The increase in unemployment benefits for millions of out-of-work Americans was done with the best intentions.
However, the $600-per-week jump approved by Congress as part of a $2.2 trillion coronavirus stimulus package known as the CARES Act passed in March has had a different effect.
Essentially, the government has made it more beneficial for some employees to stay unemployed rather than collect their regular paycheck.
And while the debate over the measure turned into a political talking point, Banyan Hill Publishing’s Michael Carr — the author of our immensely popular “Chart of the Day” features here on Money & Markets, said it has grown beyond that.
“It turns out that this is not only the dumbest idea in the history of the Congress, it’s also an economic problem,” Carr said.
The issue extends beyond today and into the future when the unemployment benefits increase runs out.
“Finding the right answer involves solving a complex math problem to determine the net present value of both options,” Carr said. “Unfortunately, the school systems don’t provide tools to solve multivariable equations to the lowest-paid workers House Speaker Nancy Pelosi worries so much about.”
Why Employees Love the New Law
Let’s take a state with average benefits for an average time — Oklahoma.
Multiply that by 40 hours and you have $626.40 per week.
Workers making the average don’t benefit by staying on unemployment very long as they are bringing home nearly $100 per week less.
However, if you tack on the federally funded $600-per-week increase in benefits, that same worker now makes $1,139 per week — $512 more than they would under normal unemployment insurance benefits.
Under the CARES Act, the increase in benefits lasts until July 31, 2020, and allows workers to receive up to 39 weeks of benefits, according to the Center on Budget and Policy Priorities.
That gives little motivation to an out-of-work person in Oklahoma to seek new employment or continue receiving pay if their company is getting Paycheck Protection Program money from the federal government.
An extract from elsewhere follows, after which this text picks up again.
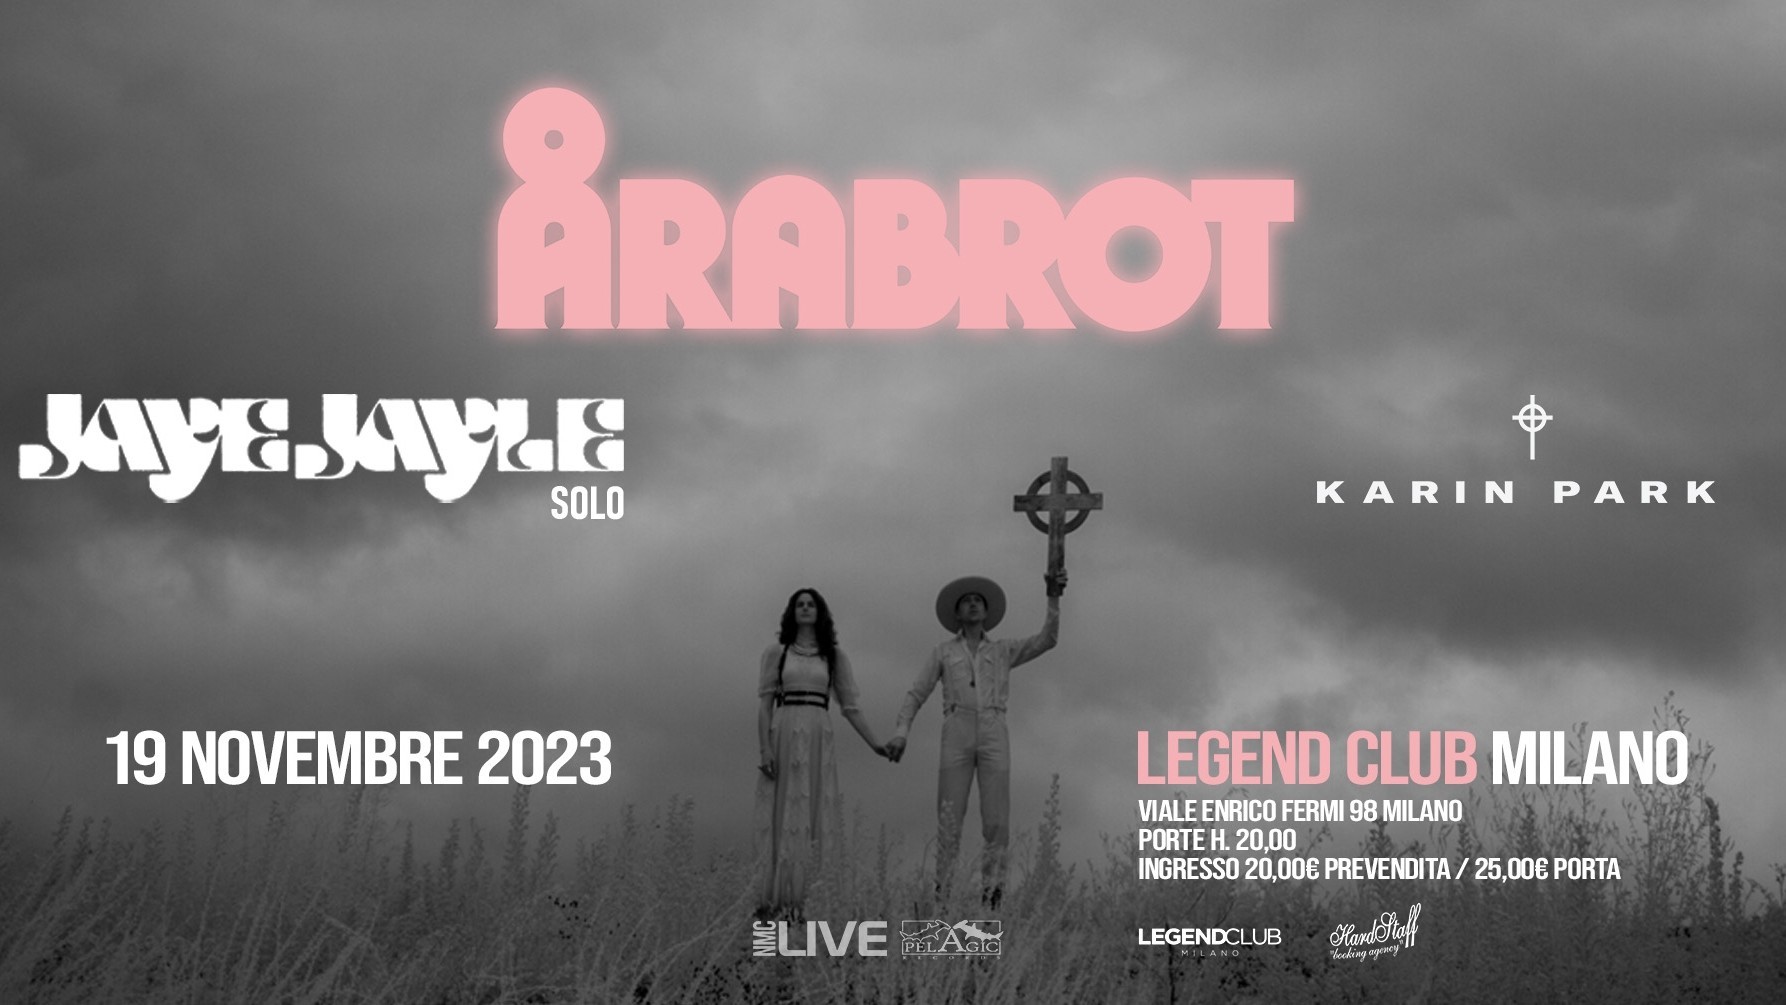 Arabrot + Jaye Jayle + Karin Park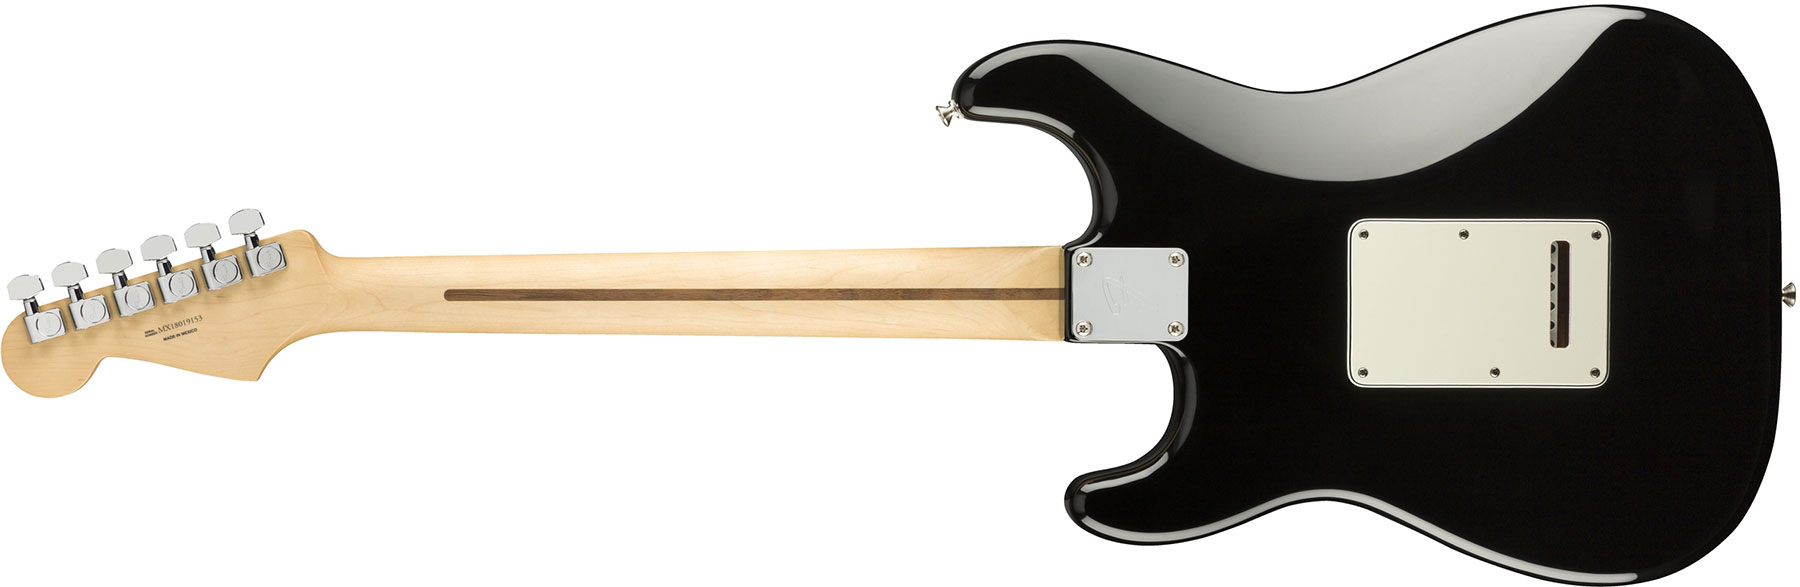 Fender Strat Player Mex Hss Pf - Black - Str shape electric guitar - Variation 1

But it ‘Broke the Recovery’
For businesses that did not receive PPP loans, it doesn’t mean a lot as they will have to keep their workforce furloughed or laid off regardless.
However, if they did, it creates a unique situation for both owners and employees.
Take Jamie Black-Lewis, for example.
Black-Lewis owns a pair of spas in Washington state. She furloughed 35 employees back in mid-March as she could not afford to pay them anymore with everything shut down, a common theme in today’s pandemic world.
Recently, however, she got more than $210,000 in loans from the PPP to use for payroll and other expenses.
But when she told her employees of the lifeline, they were not happy about it.
“It was a firestorm of hatred about the situation,” she told CNBC.
She said those employees felt she took away their windfall from the increase in unemployment benefits — which outweighs what many of them would make hourly if they were working.
It leaves owners like Black-Lewis in a precarious position between paying her staff under the provisions of the PPP loans and not causing a general uproar among her staff.
Carr said the unemployment increase provision of the stimulus package essentially “broke the recovery.”
“Landscape companies provide a great example. Many pay $10 to $12 an hour, a fair wage in much of America. They can’t compete with $15 an hour in unemployment. Their work also can’t be deferred,” he said. “Some of those businesses will fail this year. This math will doom thousands of businesses, prolonging the recession, possibly for more than a year.”
The bottom line here is that Congress didn’t exactly think this through fully when they added it to the stimulus package.
It means that some small businesses might even have to wait until July 31 to reopen because that’s when the extra unemployment benefits expire. And that’s when it will actually be affordable for them to bring back the workers they need to operate.